– Э-э, полковник!.. Экие вы все… стрелял бы себе из своих тяжелых, чего в Комиссию полез!..
– Зачем вы?.. – прохрипел полковник.
– Зачем вам это говорю? – перебил хозяин кабинета. – Ай, какие мы нервные! Все фронтовые артиллеристы такие? Бедная наша артиллерия.
– С артиллерией все в порядке, – часто и глубоко дыша, полковник приходил в себя. – Зачем вы это делали?!
– А у меня, извините, директива была. Устная директива, и ни кого-нибудь, а тогдашнего Верховного Главнокомандующего, Великого Князя Николая Николаевича: любой ценой порочить того, кого вы Гришкой назвали. По-моему, получилось, а? Соизволите в обморок упасть? Нашатырчик не требуется?
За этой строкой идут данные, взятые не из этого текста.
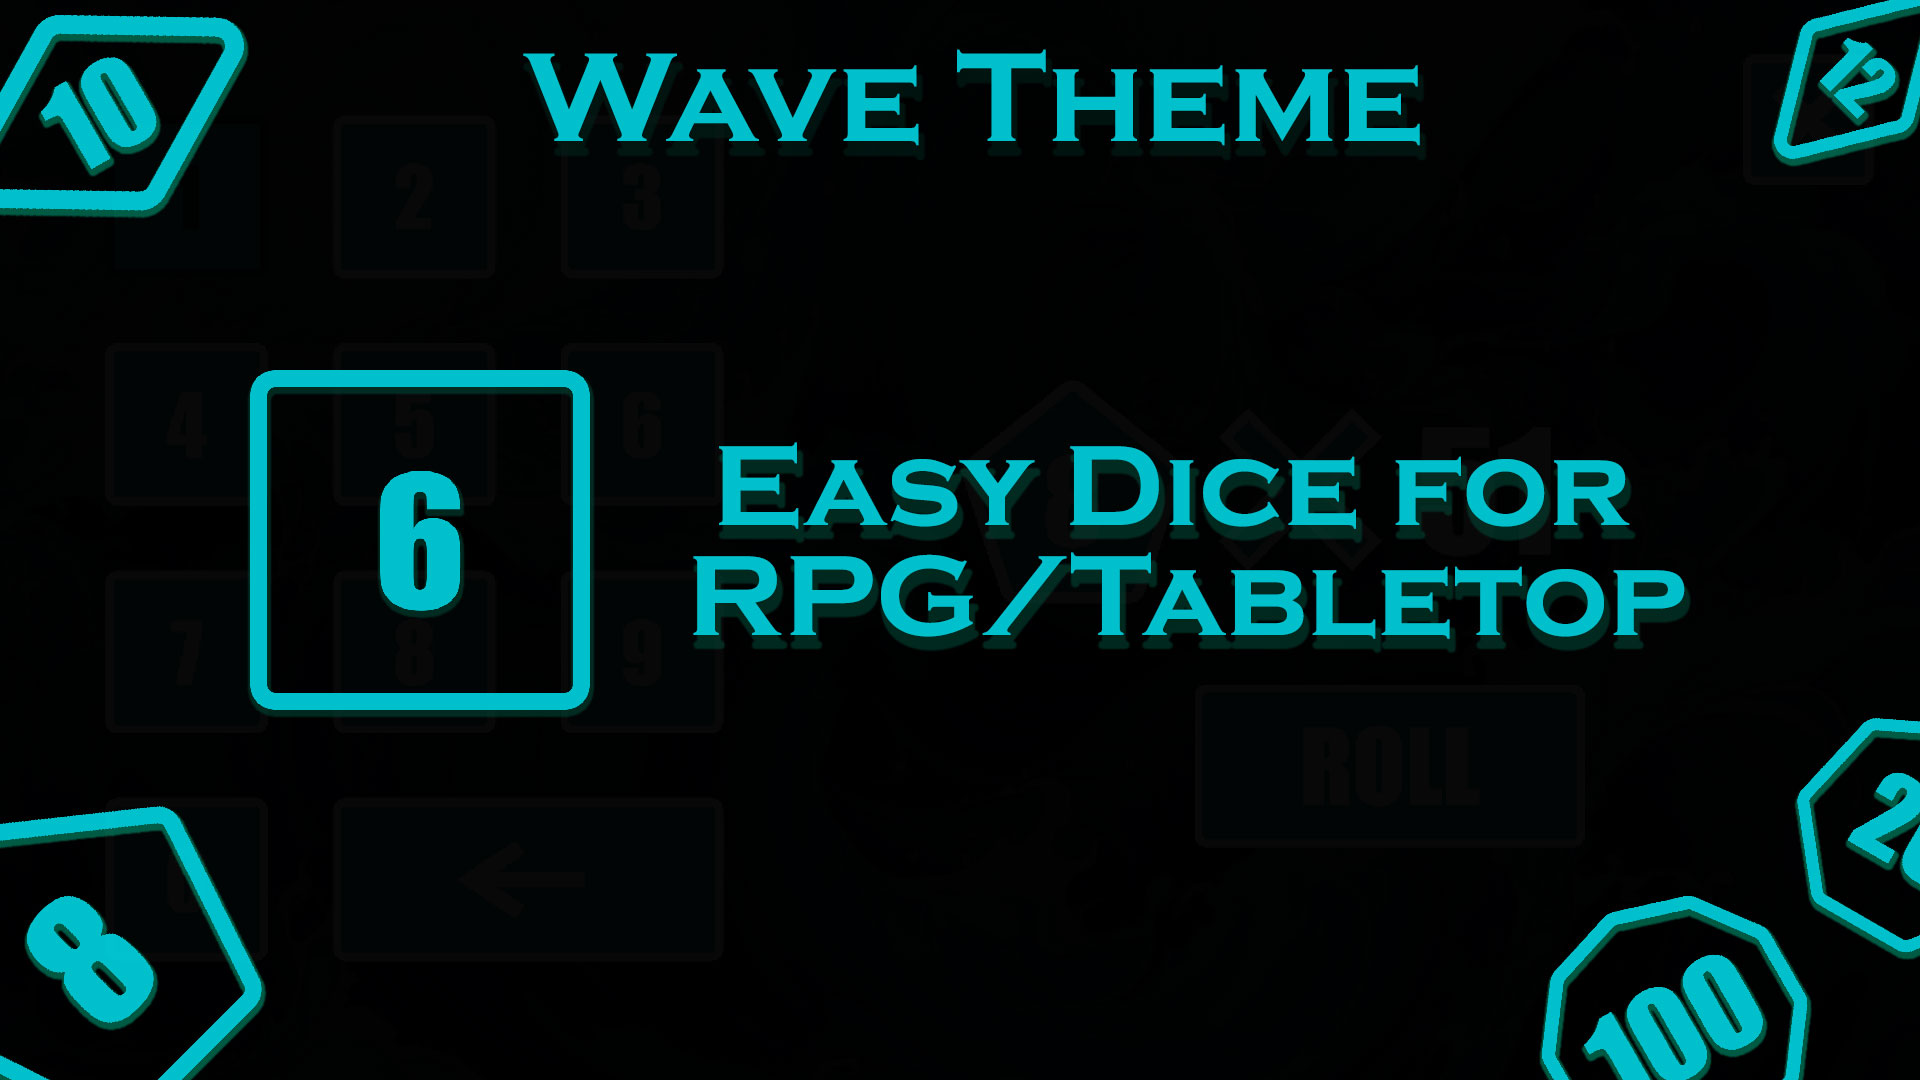 Easy Dice for RPG/Tabletop - Wave Theme

Вздумаете за пистолетик схватиться, я и это проходил, у меня тоже имеется, и ежели на вскидку, кто вперед, то вам до меня, как до Луны, только дернитесь, во лбу пулю будете иметь… И чего вдруг такая реакция, коли сами жаждали отречения? Радуйтесь! Революция – это грандиозный спектакль, одну из малюсеньких сцен которого вы изволили наблюдать в «Яре» на позапрошлом Благовещеньи, в качестве зрителя. А спектаклю, извините, актеры надобны, вроде Фунфырикова и Сашеньки Блока, ну и – ре-жис-се-ры!.. – щекастую физиономию расперла издевательская улыбка. – Оставайтесь-ка, милейший, зрителем, и – аплодируйте! Недавно я еще одну директиву выполнил, и тоже – устную: был вынут из могилы и сожжен труп столь ненавистного вам персонажа. Зрелище было достойно грандиозности всеобщего спектакля. Кстати, пепел с того кострища тоже белый почему-то, как в этой шкатулке.
– Шкатулку я заберу.
– Ой, да и на здоровье! А завтра можете быть свидетелем еще одной сценки всероссийского спектакля: похороны «жертв революции» под сопровождение «Вы жертвами пали…» Ну и, как вы догадываетесь, режиссером опять я. Беда, что жертв мало, особенно в «Царском». Убитые городовые не в счет, хотя их очень много, но… туда и дорога…
– Городовые?! За что?!
– Что, опять нашатырчику? Как это за что? Они же против революции, они олицетворение старого мира! Ну и понятно, революционным трудящимся и солдатским массам это не по нраву. И здесь режиссеры бессильны перед реакцией публики, – хозяин кабинета картинно развел руки в стороны. – И, скорее всего, их будут еще долго отлавливать и, увы, убивать.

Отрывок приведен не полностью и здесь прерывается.